De cinco partidos disputados en la Copa Oro, el Tri dejó muchas dudas en cuatro de ellos, siendo su choque ante Haití su peor demostración

Con el rosario en la mano y encomendados a “San Guillermo”… Ochoa. Así avanzó México a la ronda de semifinales en la Copa Oro. 

Todo parecía un paseo de fin de semana cuando el Tri comenzó el torneo con una goleada de 7-0 sobre Cuba, pero no fue lo mismo contra Canadá y Martinica. Los del “Tata” Martino ganaron pero no convencieron, sobre todo cuando sufrió de más ante una aguerrida selección del Caribe que se quitó de complejos y puso a sudar al “gigante” de la Concacaf.

En los cuartos de final el equipo tricolor se encontró con un viejo conocido que significaba a todas luces como el más peligroso, una Costa Rica herida en su orgullo al ser derrotada en su cotejo anterior ante una sorpresiva selección de Haití. Los Ticos tenían un arma secreta para anular a los aztecas: el técnico Gustavo Matosas, un gran conocedor del futbol mexicano que sabía por dónde se le podía atacar y desarticular el sitio donde se gestan los embates del marcado como favorito.

Con un esquema defensivo, Costa Rica se las arregló para detener a la artillería mexicana y para complicarlos al frente a base de contragolpes. Desde ahí el portero Memo Ochoa empezaba a marcar la diferencia. Su liderazgo y su experiencia fueron la clave para que México mantuviera, al menos, el empate después de un inexistente penalti a favor de los centroamericanos.

Con unos tiempos extras cerrados, de pierna fuerte y con México un poco más incisivo, llegó el pitazo final para definir al ganador desde el manchón penal.
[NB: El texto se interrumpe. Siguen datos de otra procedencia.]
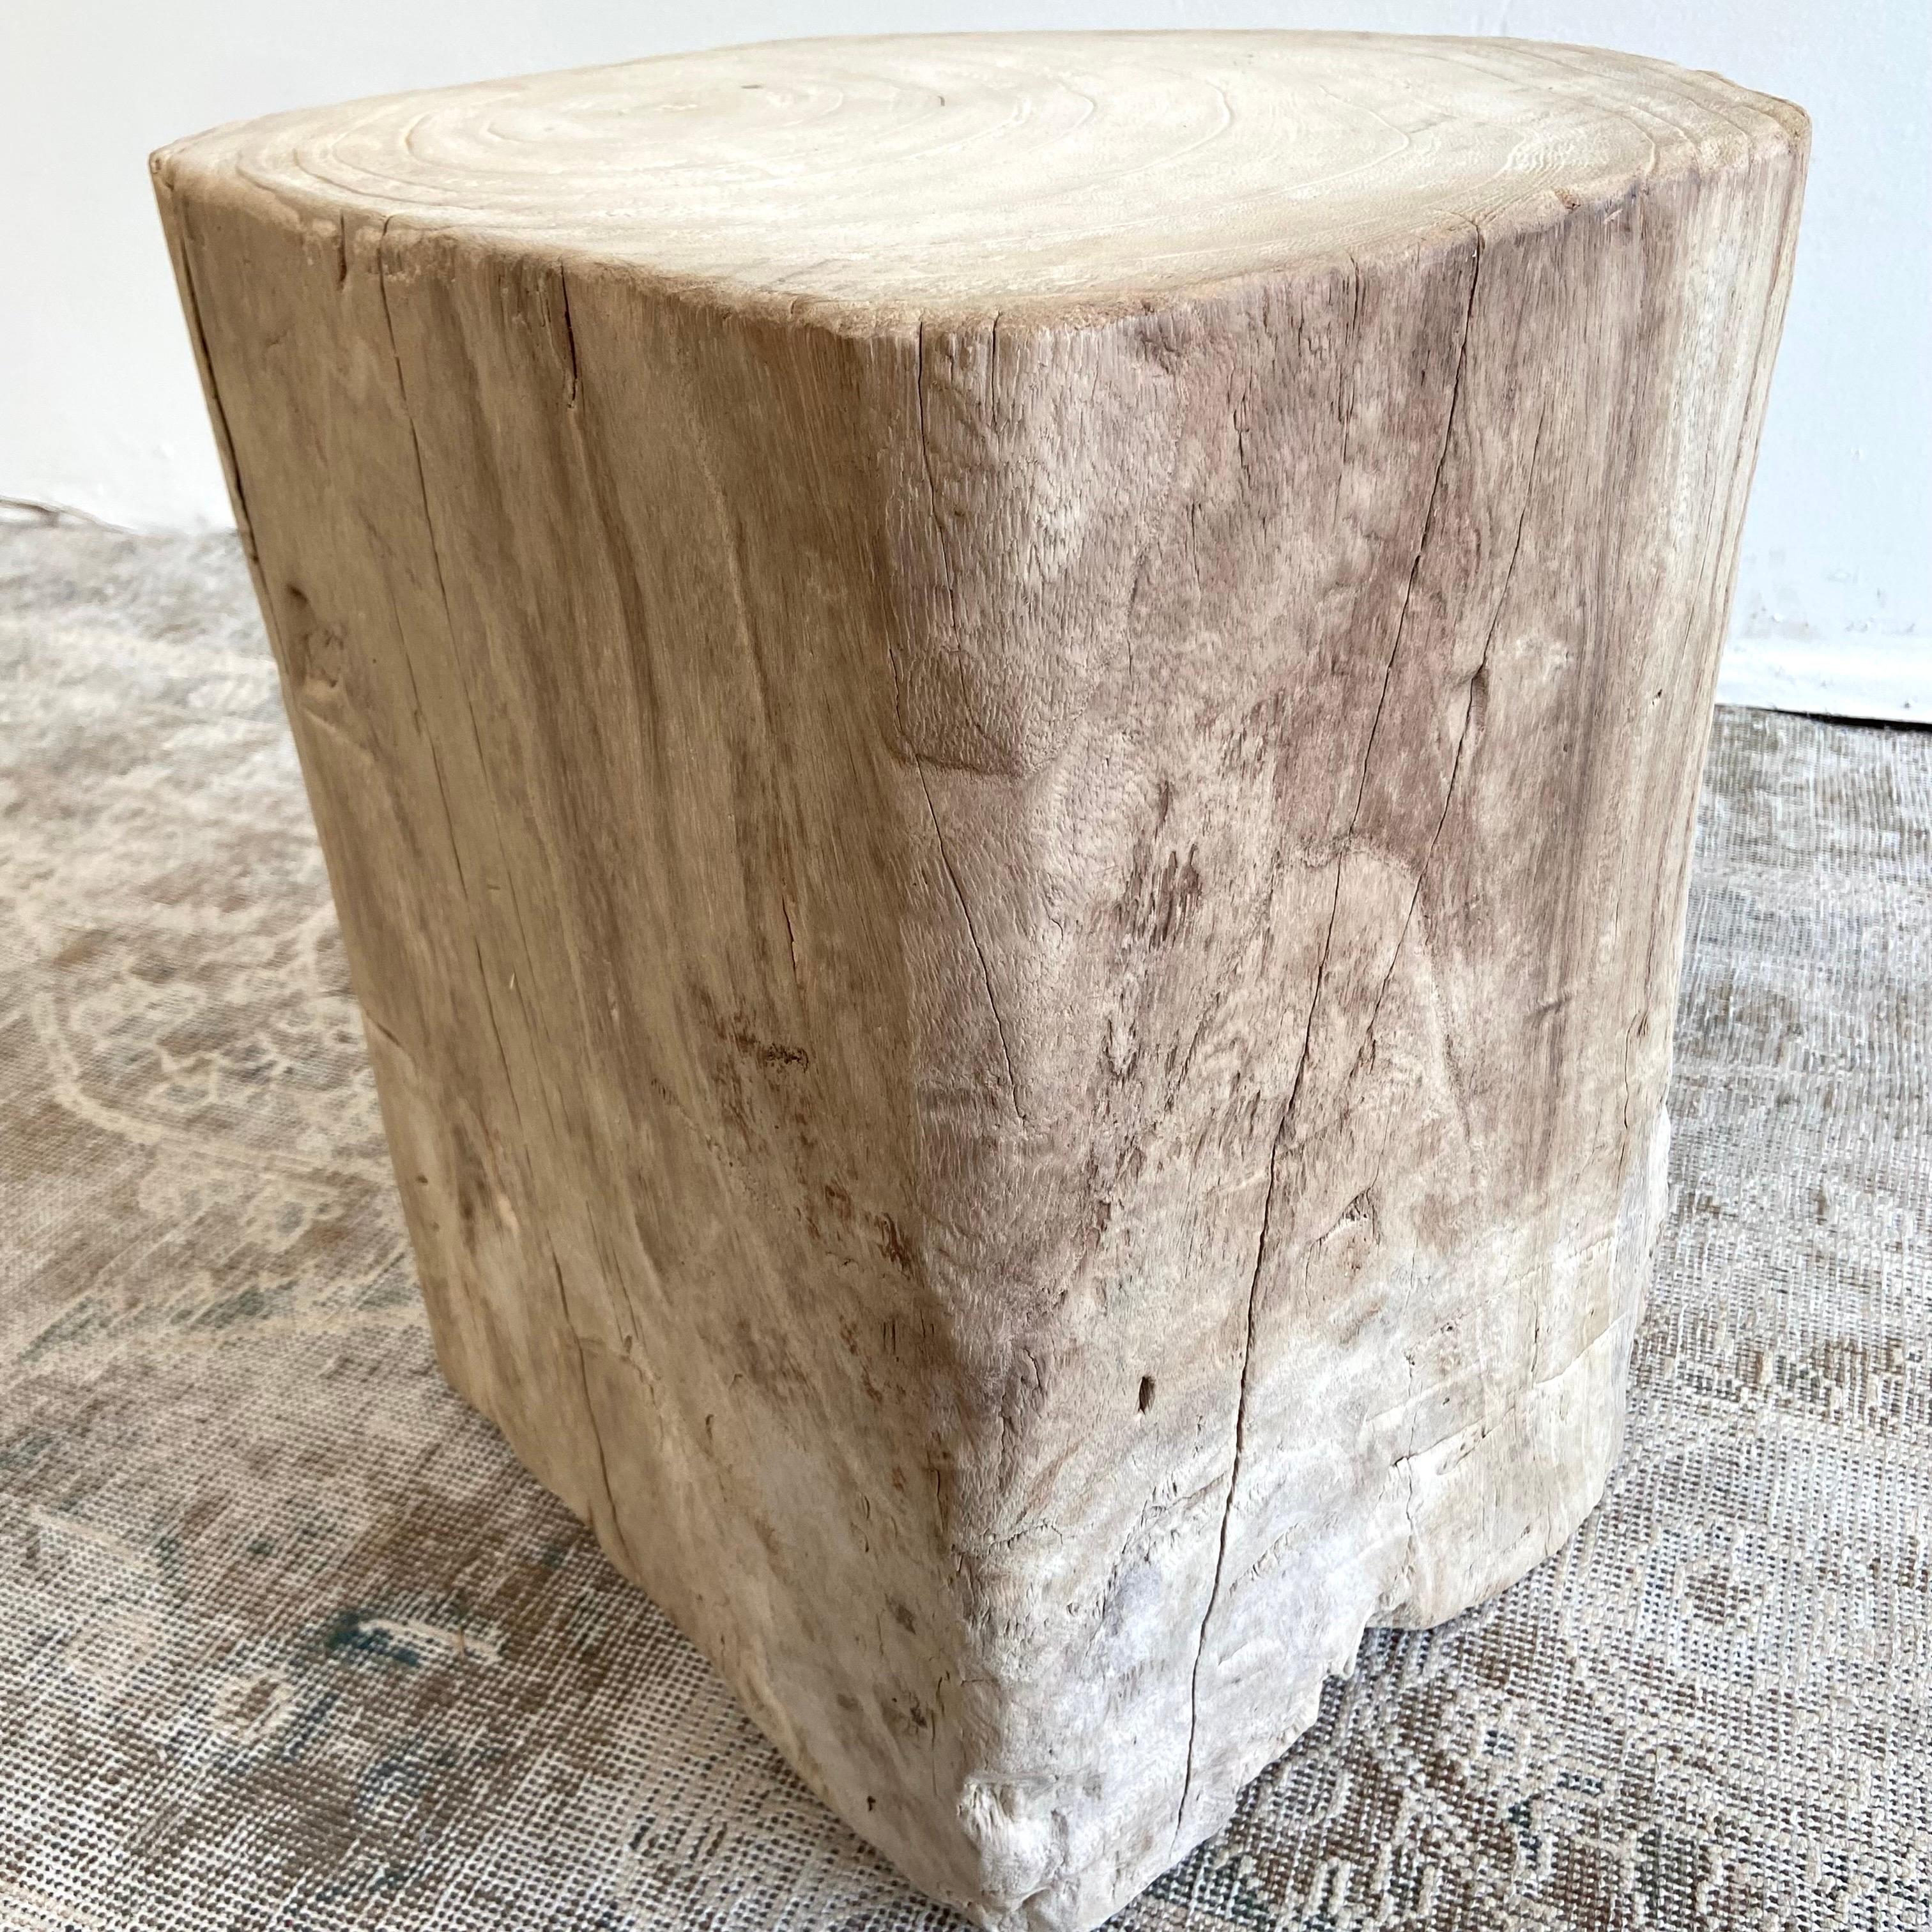 Natural Wood Stump Side Table or Stool 6

Era un volado, pero los aztecas dominaban con la presencia del mundialista Memo Ochoa. Jiménez, el infalible, falló el primer intento. El fantasma de los penales rondaba en el ambiente, pero el arquero mexicano se encargó de ahuyentarlo al detener un disparo en la muerte súbita, terminando así con las esperanzas del equipo tico y poniendo al Tri en la siguiente ronda. 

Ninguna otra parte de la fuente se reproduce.